I wrote a more elaboration explanation of the Bluebeard’s references on the post: Bluebeard’s Story
Searching through my mother’s bureau as an adult
I used to visit my mother around the turn of the millennium when she was in her late seventies and eighties. Although I was no longer a little boy, I still held a childlike fascination for her bureau, the forbidden depository of secrets! My mother usually went to bed early in the evening, whereas I have always been an insomniac. It is physically impossible for me to sleep before midnight and usually at 3 or 4 a.m. or later. With the grey dawning of a new day, like Dracula, I would retire to my coffin (bed).
Thus, late in the evenings and early mornings, I was bored with watching reruns on the TV or old films on her video player because I had nothing to do. In other words, the lure of ‘the bureau’ would be irresistible, with the added excitement of, “Will she hear the creaking hinges”? Of course, this was pretty stupid, as my mother was no longer an alert fox pricking up her ears at the slightest sound. The under-the-stairs cupboard also held some ‘secret’ family documents, which I could explore.

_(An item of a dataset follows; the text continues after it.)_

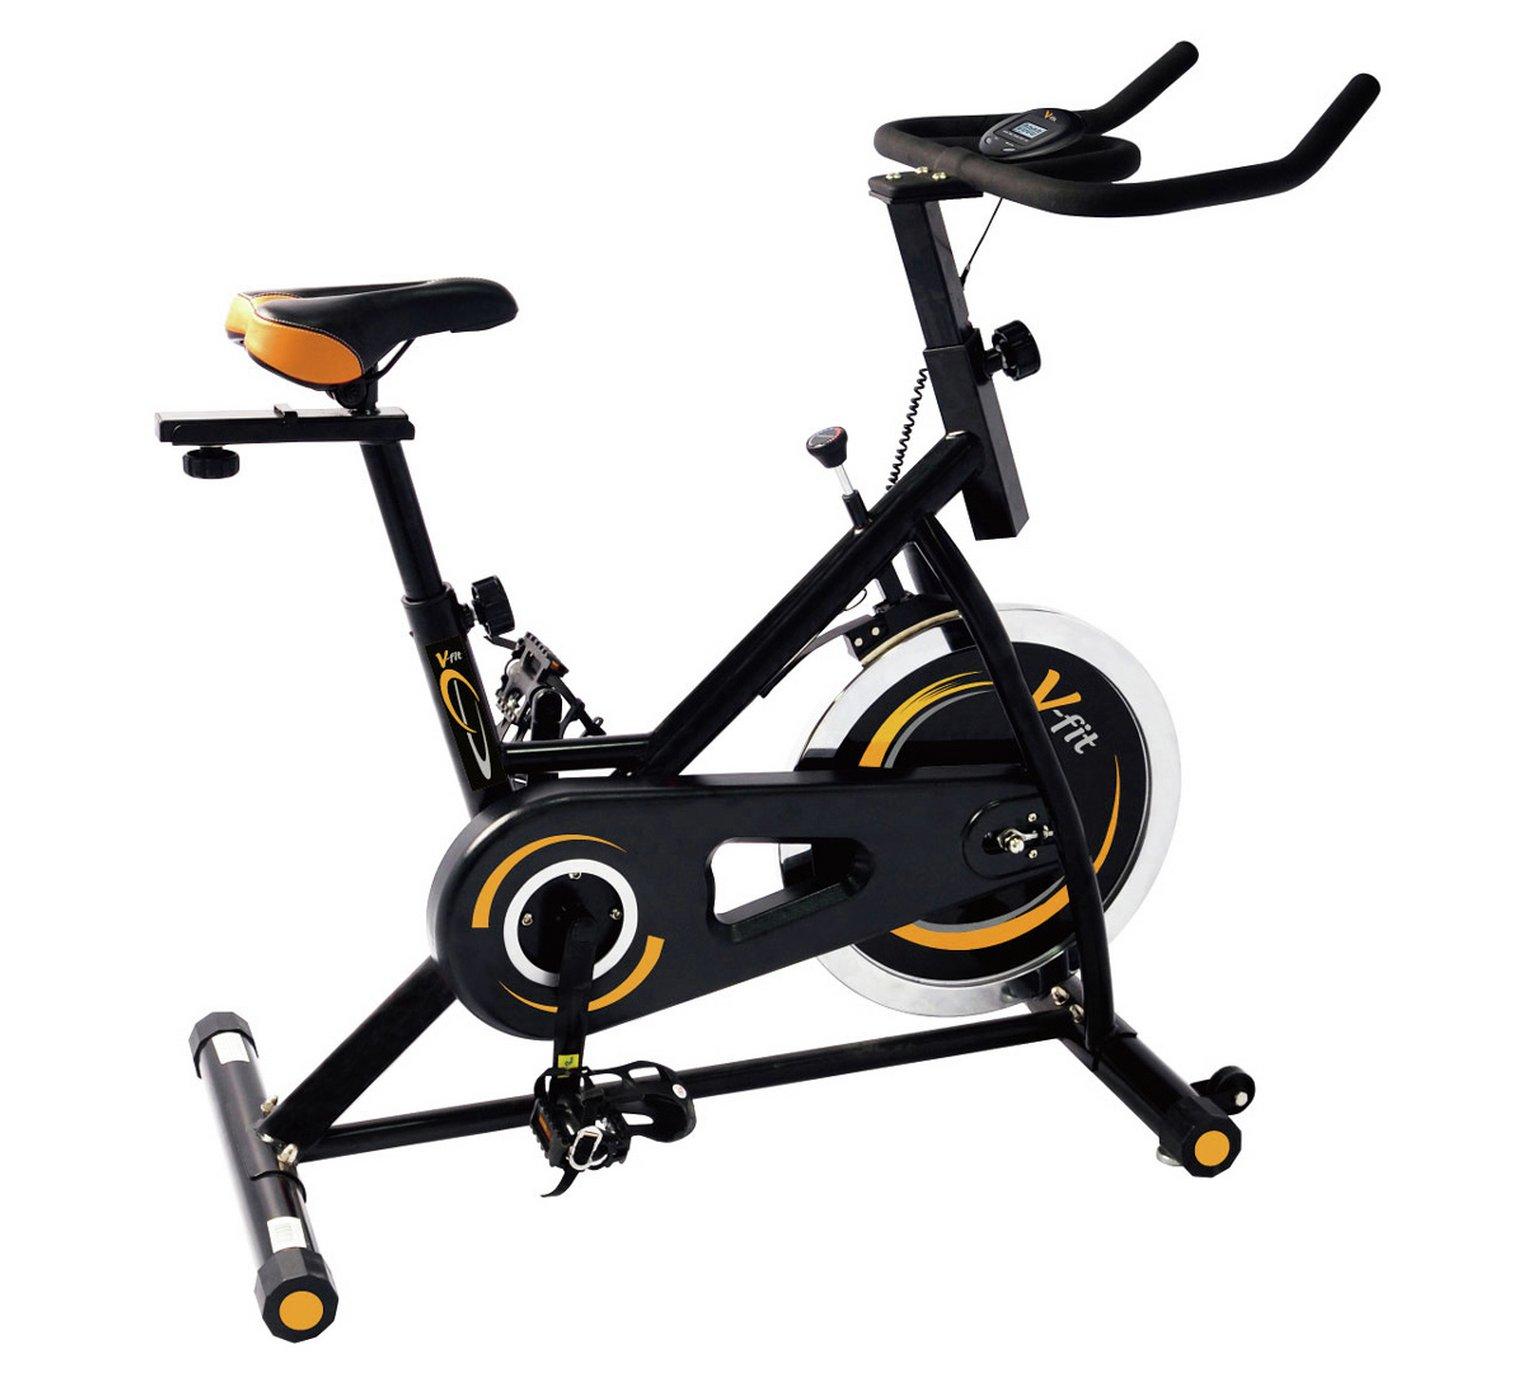 V-Fit ATC161 Aerobic Training Exercise Bike

Ironically, when she got older, I probably knew the contents of her bureau better than she did. Similarly, due to the rash promise I once made about writing the ‘family history,’ I surely knew more about our family than my parents. This knowledge is perhaps evident in my interpretation of my father’s CV above, where he often seems to have a dim memory of his past work experience. In this regard, I must say that my mother possessed an excellent memory. My only regret is that I did not talk to her more about ‘our family,’ but then many things only become significant when it is ‘too late.’
The Heist
The stupid thing was that I did this all ‘in secret.’ When my mother became ‘dotty,’ I decided to take all her ‘documents and photos’ back to Norway, as she would not miss them. This move would prevent one of my brothers, who has little regard for our family history, from throwing away all the ‘useless trash’ upon her passing. In fact, apart from my cousin Iain MacGillivray, few in my ‘family’ seem concerned with the family history.
To tell you the truth I don’t even like the idea of ‘family histories’ as the idea is often associated with reactionary social forces. But why should the reactionary social forces have a monopoly here? Alan Sillitoe and others have shown that it is not only the upper classes and bourgeoisie that have histories; for example, in his book, “Raw Material” (1972), he describes the various ‘stories’ of his family. But it was stupid on my part that I never got around to ask her what was the significance of the ‘ARMY FORM’. I discussed this in more detail on this separate post.
Despite the fact that she had become ‘dotty’, she had an excellent memory regarding old memories. She might not remember what she had done yesterday, but she had a sharp memory of what she had done fifty years or more before.27
26 Harkness, Ian. Boyhood Recollections. 2022. Eos Publishers, Oslo, Norway.